## [TASK DETAILS]
After locating the line that bears "amazon fashion finds", restate word for word that line and the rest of the listing to its final line, excluding all pictures.

## [INFORMATION PROVIDED]
====

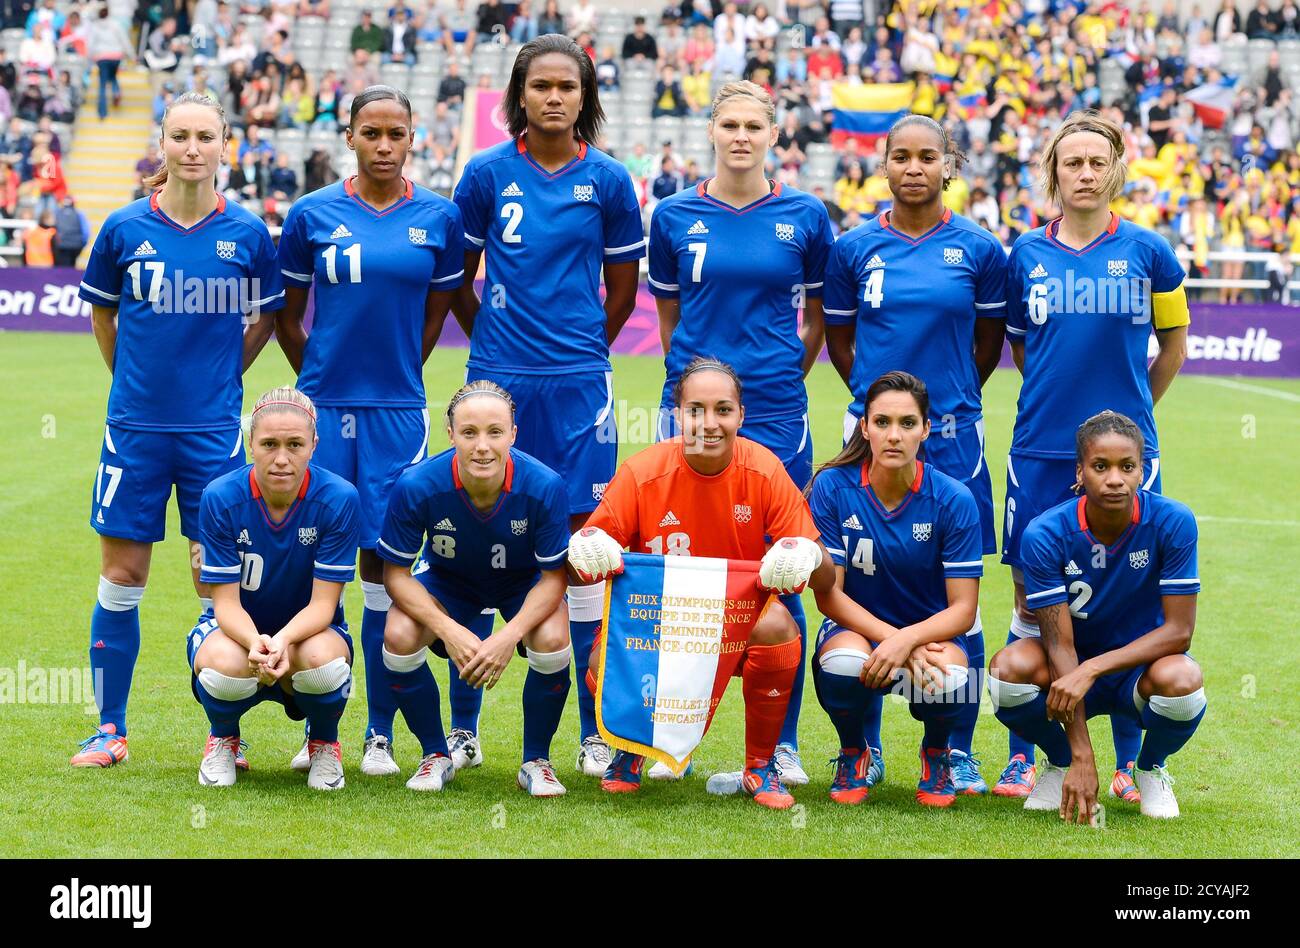 The French team poses before their women's Group G football match against  Colombia at the London 2012 Olympic Games at St James' Park in Newcastle,  northern England July 31, 2012. REUTERS/Nigel Roddis (
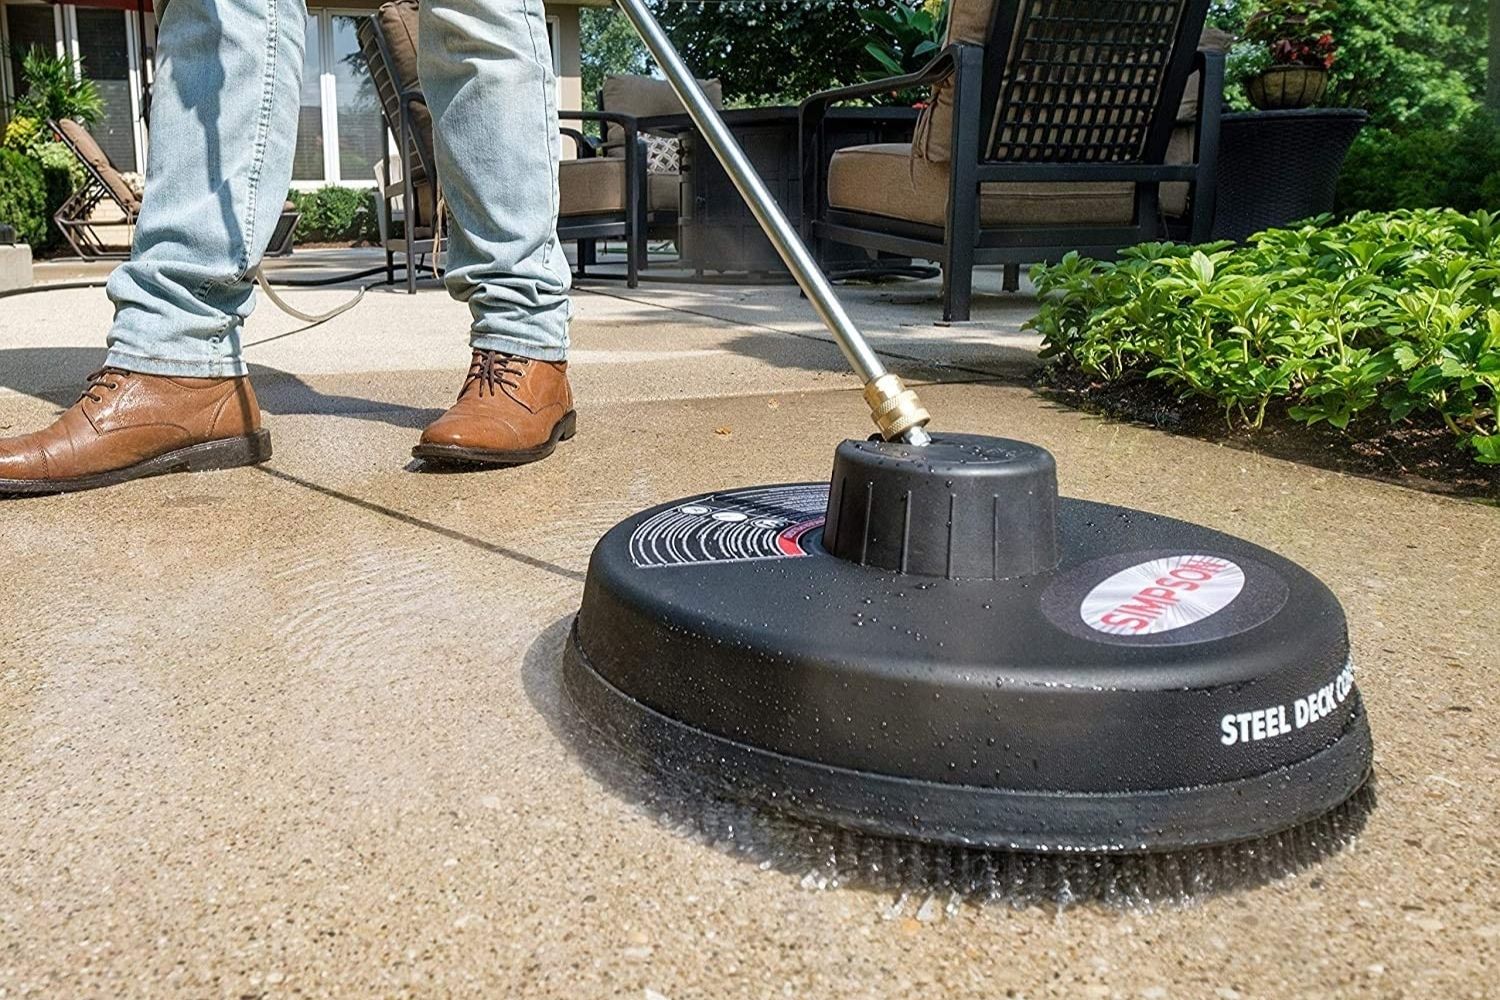 A person using the best gas pressure washer option to clean a cement patio
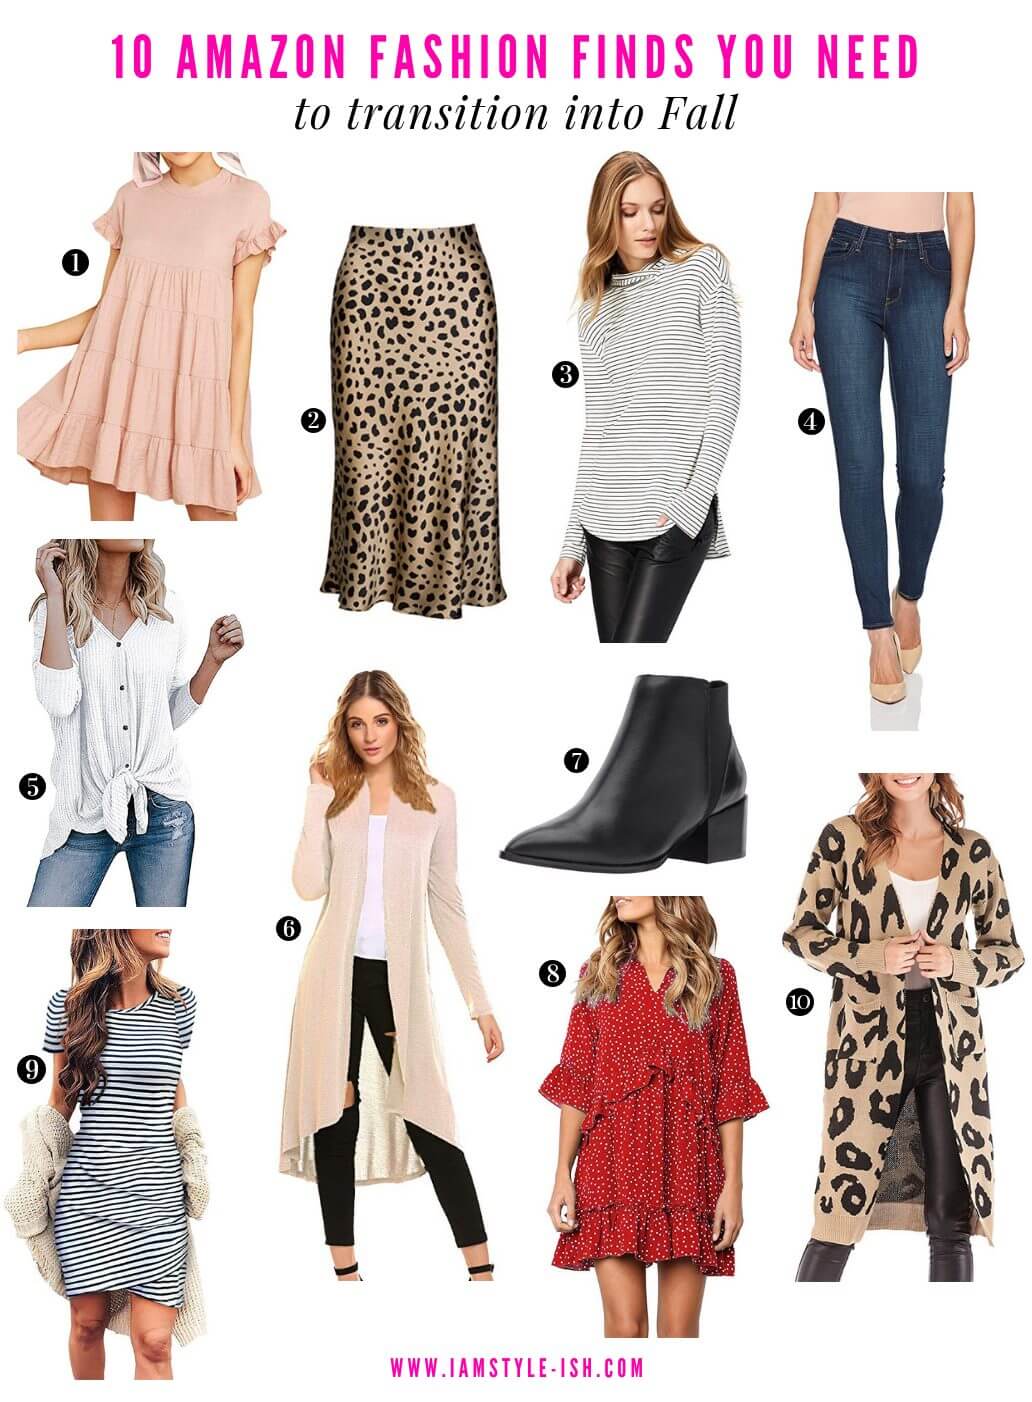 amazon fashion finds to transition into fall, transition into fall clothing items, clothing to transition into fall, fall amazon clothing finds, best fall clothing from amazon
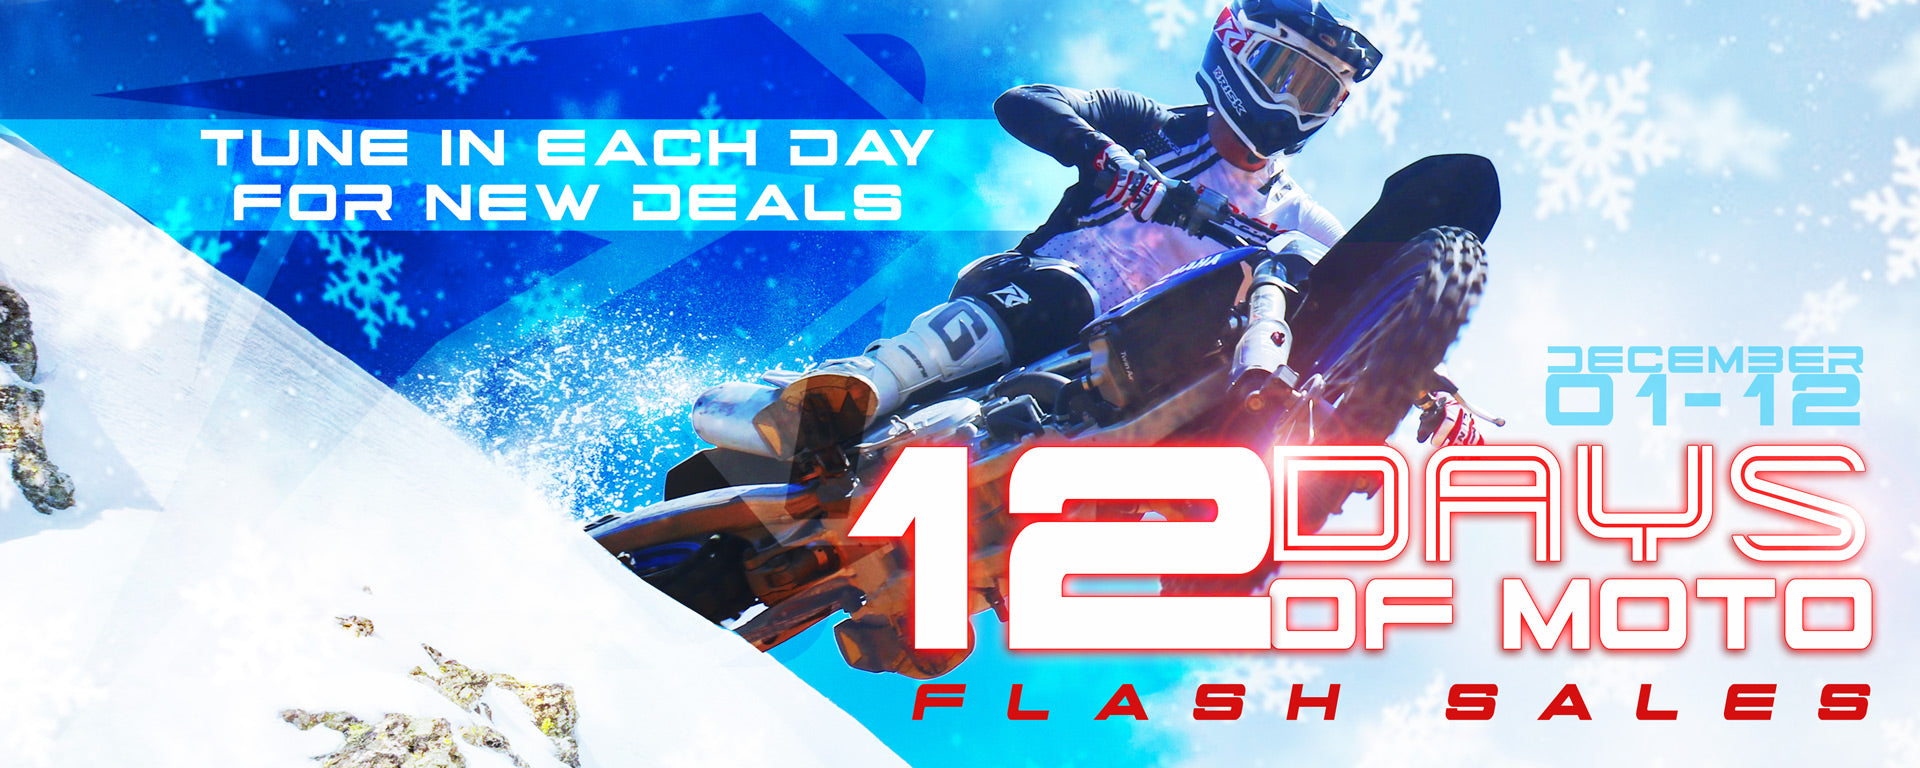 12 days of moto flash sales banner. tune in each day for new deals. December 01-12. Motocross racer jumping over in the background

====

## [RESULT OF THE TASK]
 amazon fashion finds to transition into fall, transition into fall clothing items, clothing to transition into fall, fall amazon clothing finds, best fall clothing from amazon
 12 days of moto flash sales banner. tune in each day for new deals. December 01-12. Motocross racer jumping over in the background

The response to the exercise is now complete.